If one cannot create a function directly, one can also make use of functions generated by AI. This process is generally akin to the experimentation that an artist must undergo to master new tools and techniques. Furthermore, it is a creative process of implementing new artistic imagination and concepts so that they can be perceived as artworks. This resonates with Picasso's definition of his own works as experiments and research.

"My paintings are all research and experiment. I do not paint as a work of art. Everything is research. I search constantly, and there is a logical sequence in this research." - Pablo Picasso

Code painting may feel like a cold process that requires no human role. However, as we have seen above, when the working process of code painting is expressed in code, we come to realize that the human role is in fact essential, just as in any other form of art. In the many stages of imagining, writing functions, selecting parameters, discovering errors, mastering new techniques, and choosing artworks from among the images, the role of the human artist is indispensable.

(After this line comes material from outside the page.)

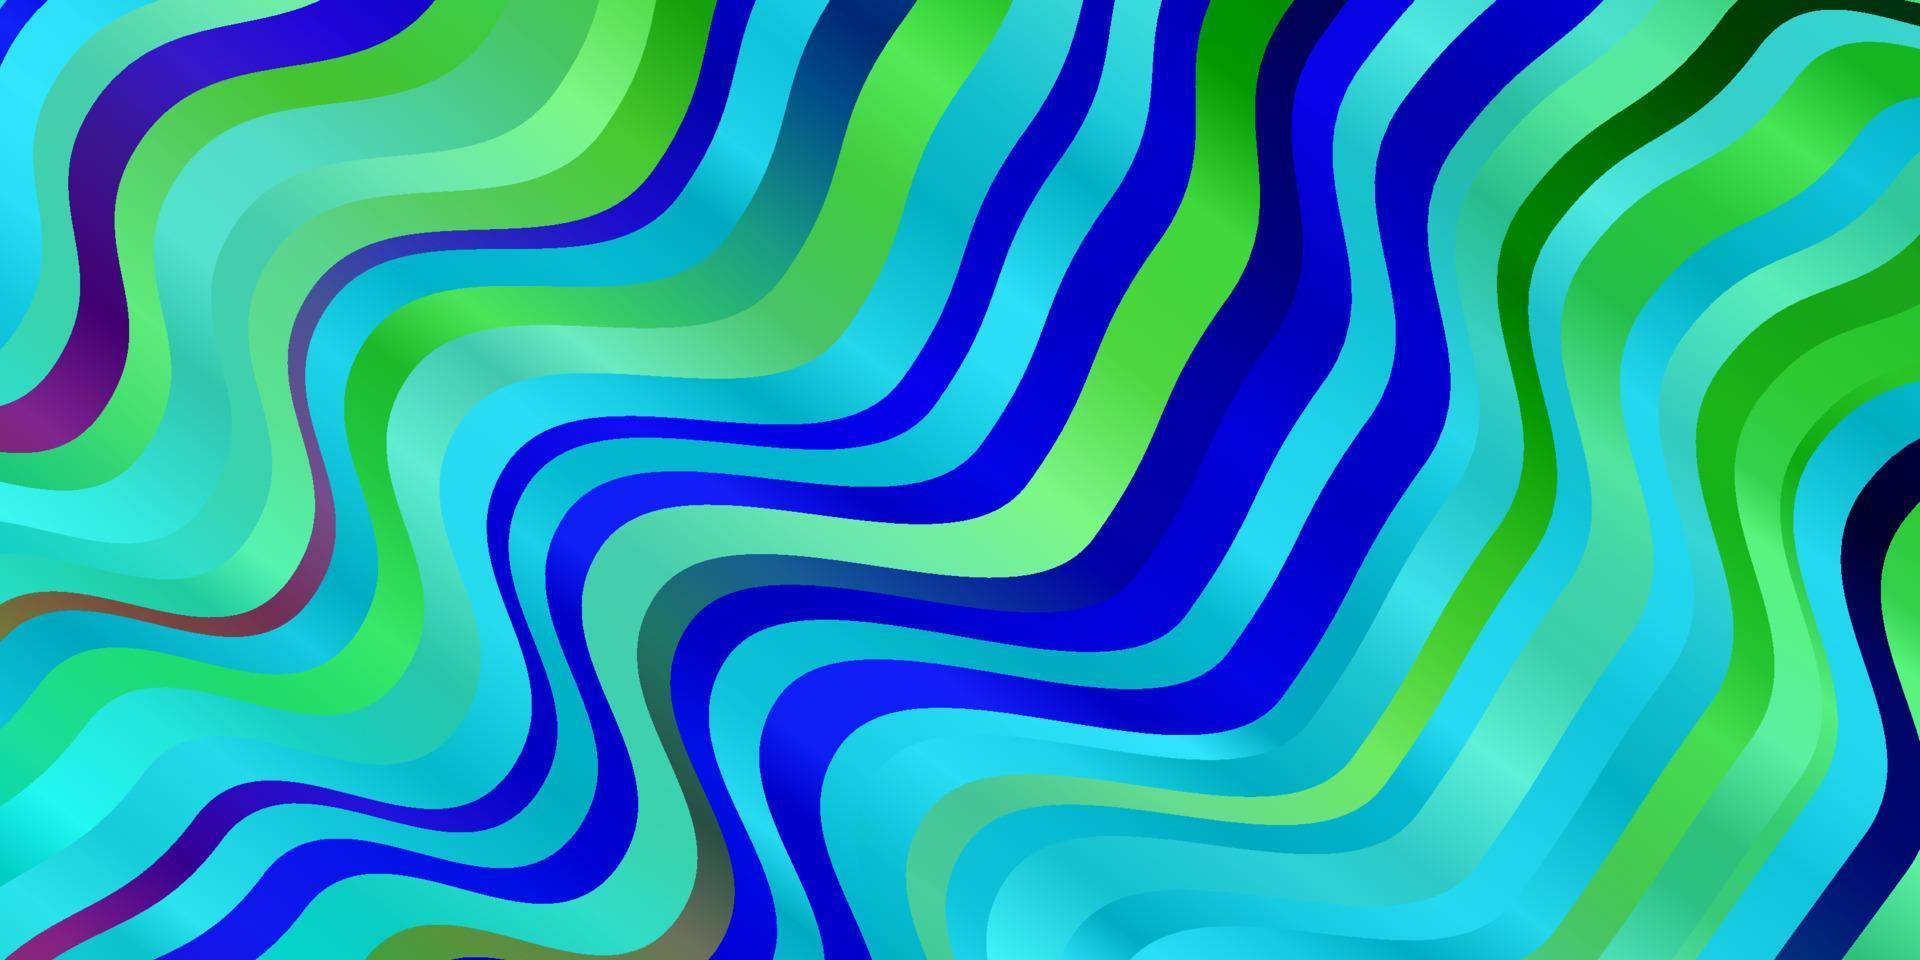 lichtblauwe, groene vectorlay-out met curven. vector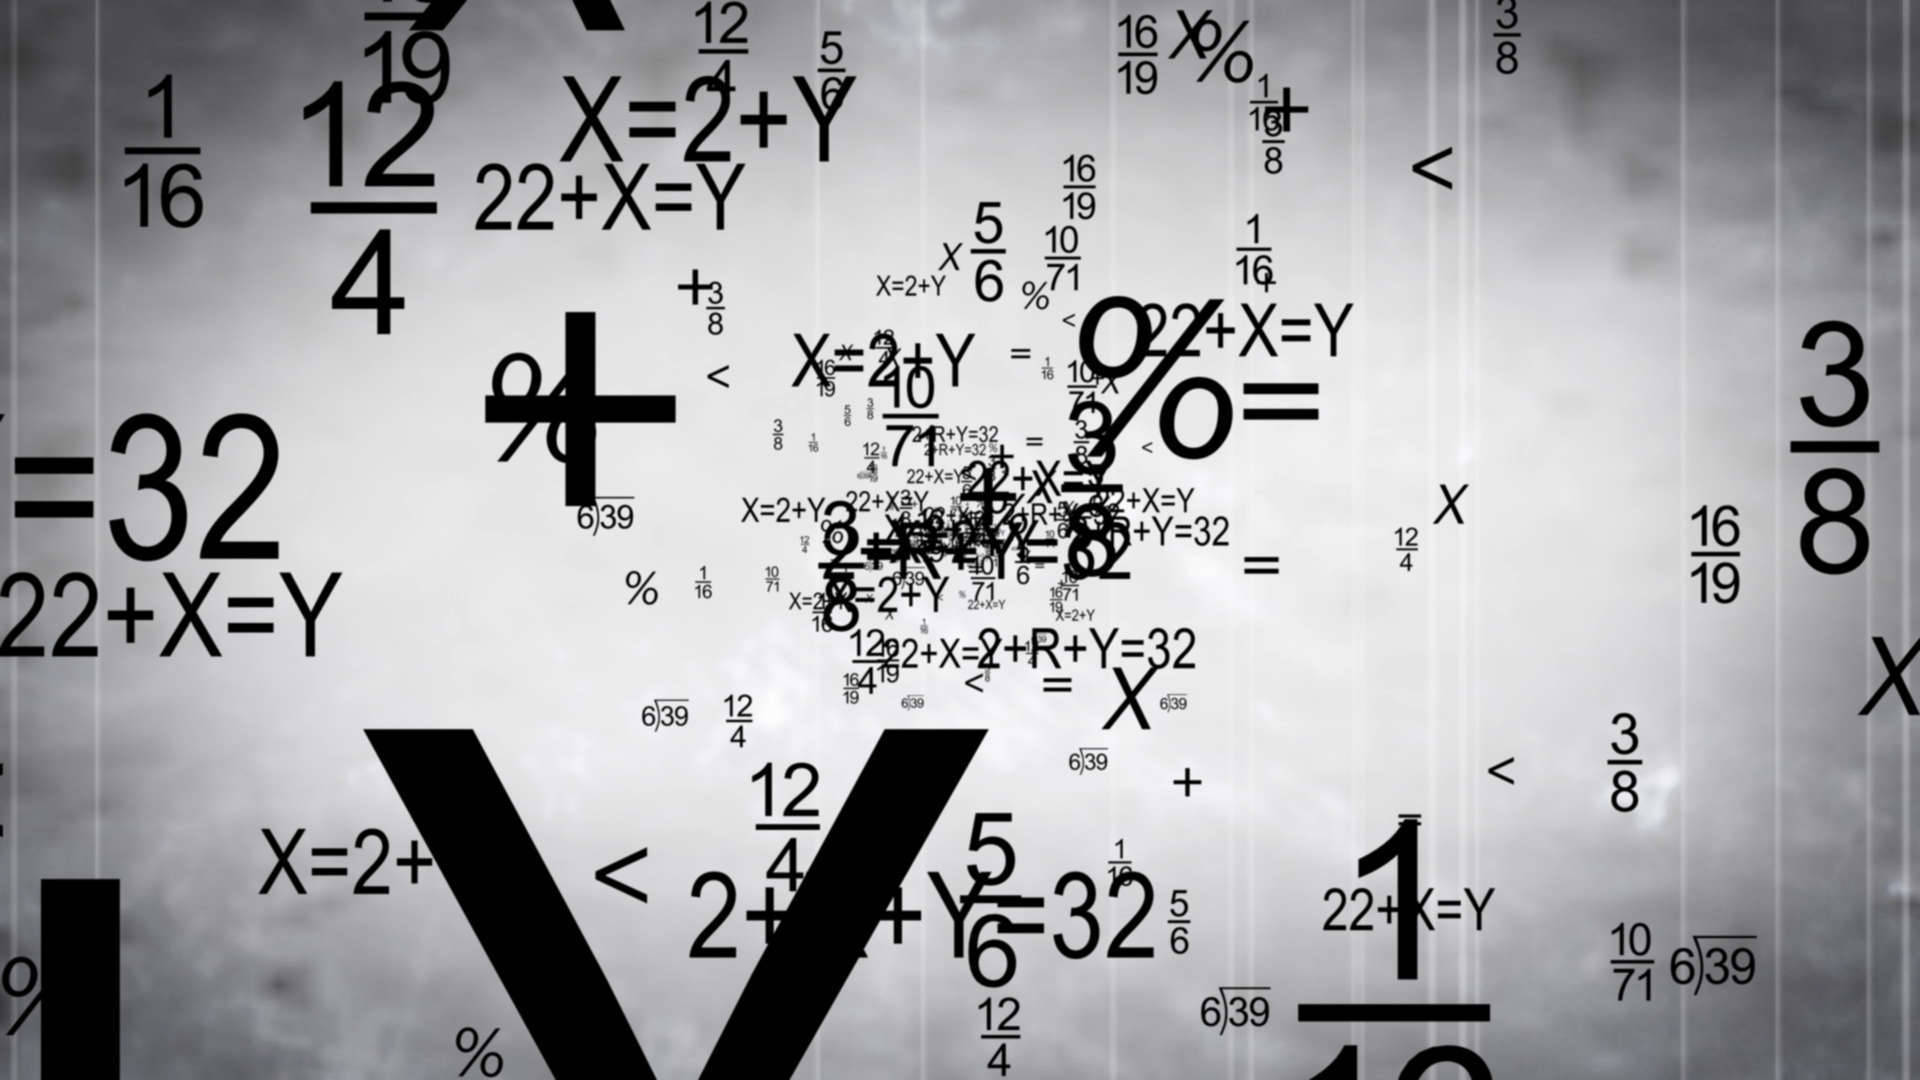 mathematical symbols wallpaper

By now, you will have understood that code painting is entirely different from paintings drawn by the code itself. Code is merely a tool used by the artist, much like paint, brushes, and canvas. The Korean title of this essay, "코드로 그린 그림," literally means "paintings drawn by code" — but the term "code painting" better captures the spirit: it is a medium, just like watercolor painting. For me, traditional computer graphics code has long been my tool. Now I am welcoming functions generated by AI as a new tool.

Recently, there has been debate about whether AI can become an artist. I believe that if AI can replace all of the human roles that are necessary in code painting, then we could recognize AI as an artist. However, I think that is a story for a rather distant future. Before then, AI will continue to evolve as an intelligent tool for artists. And more and more artists will come to embrace AI as a new tool. As a computer scientist who elucidates and advances the principles of AI, and simultaneously as an artist who uses AI as a tool, I intend to explore the ambiguous boundary between science and art, and to find delight within it.